- Given information
━━━━━━

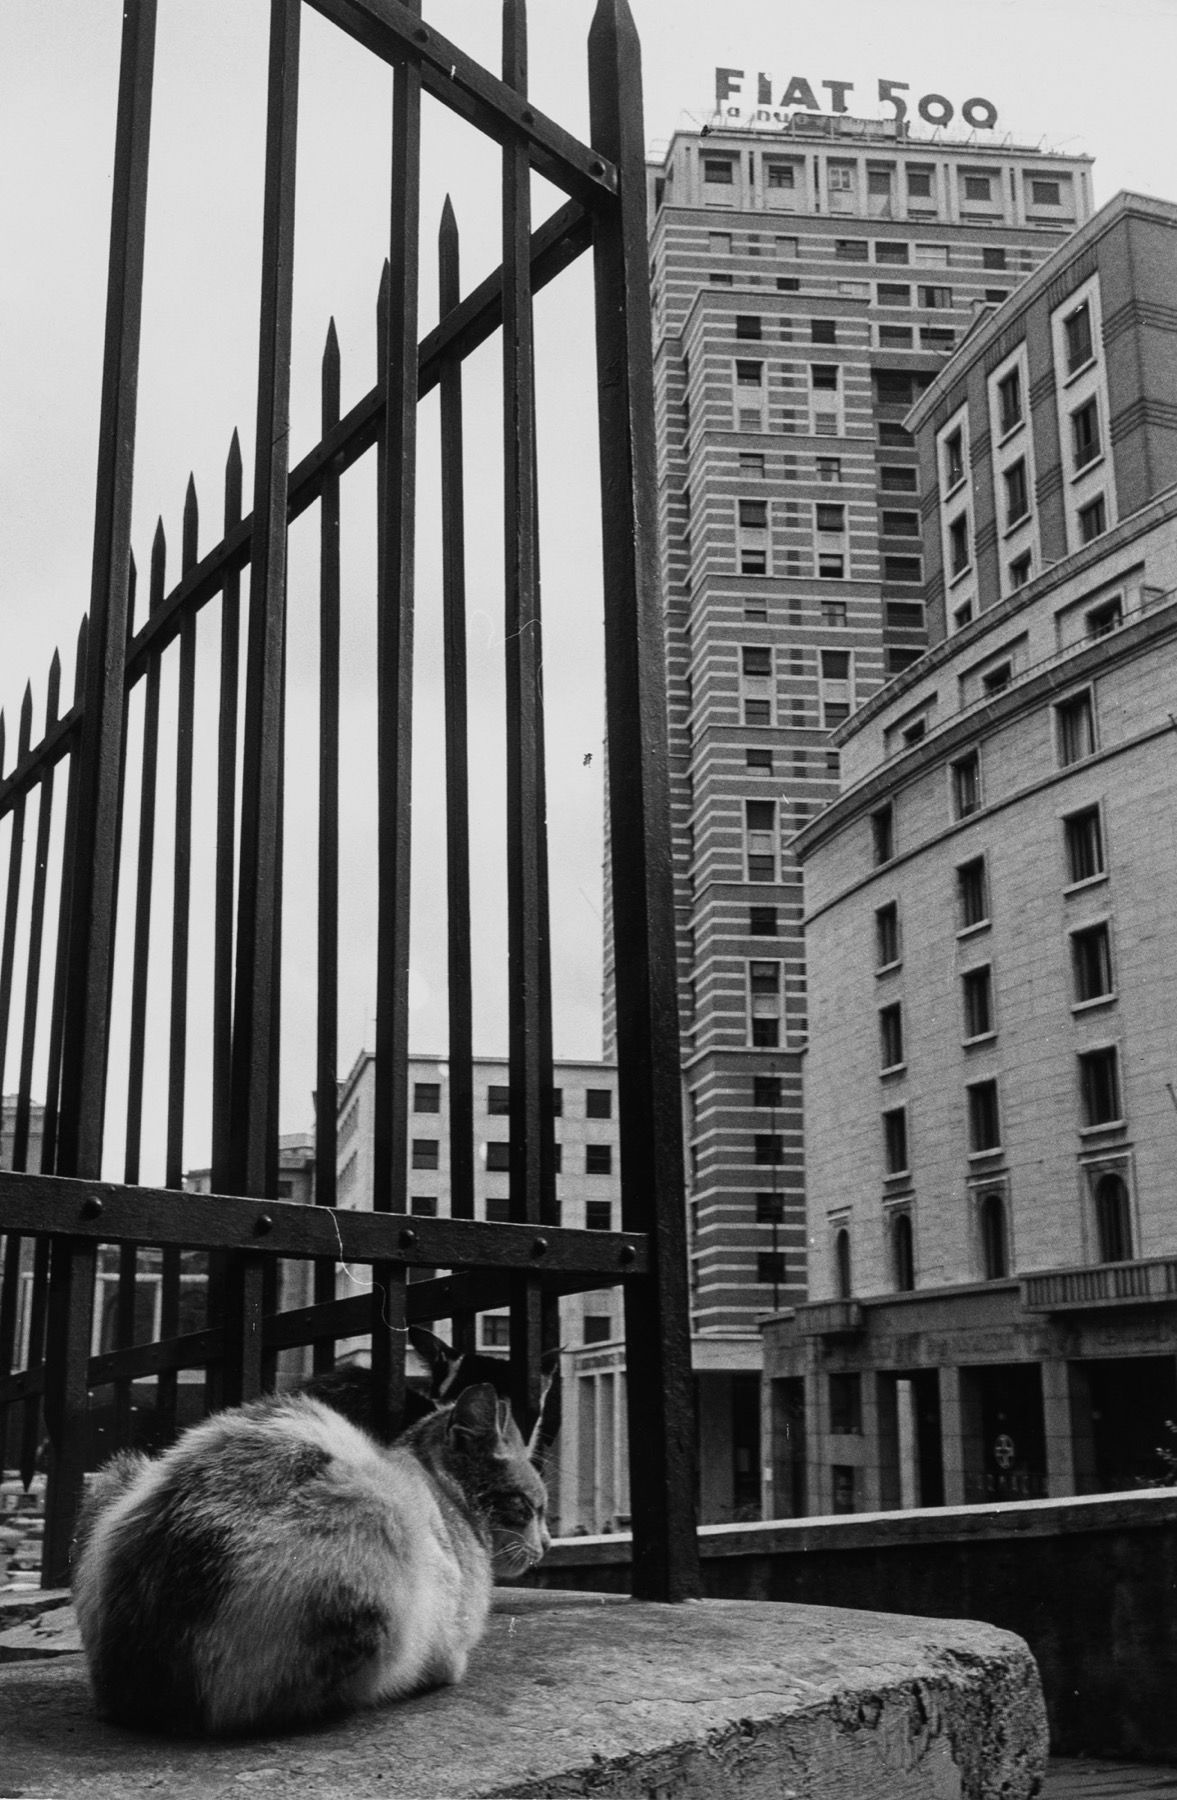 Kurt Blum 热那亚，但丁广场 ，1960年

复古明胶银印刷品
11.6 x 7.7 in.
背面有摄影师的信用印章

━━━━━━

- Brief
Would you return all the data exactly as given, minus the pictures?

- Reply
 Kurt Blum 热那亚，但丁广场 ，1960年

复古明胶银印刷品
11.6 x 7.7 in.
背面有摄影师的信用印章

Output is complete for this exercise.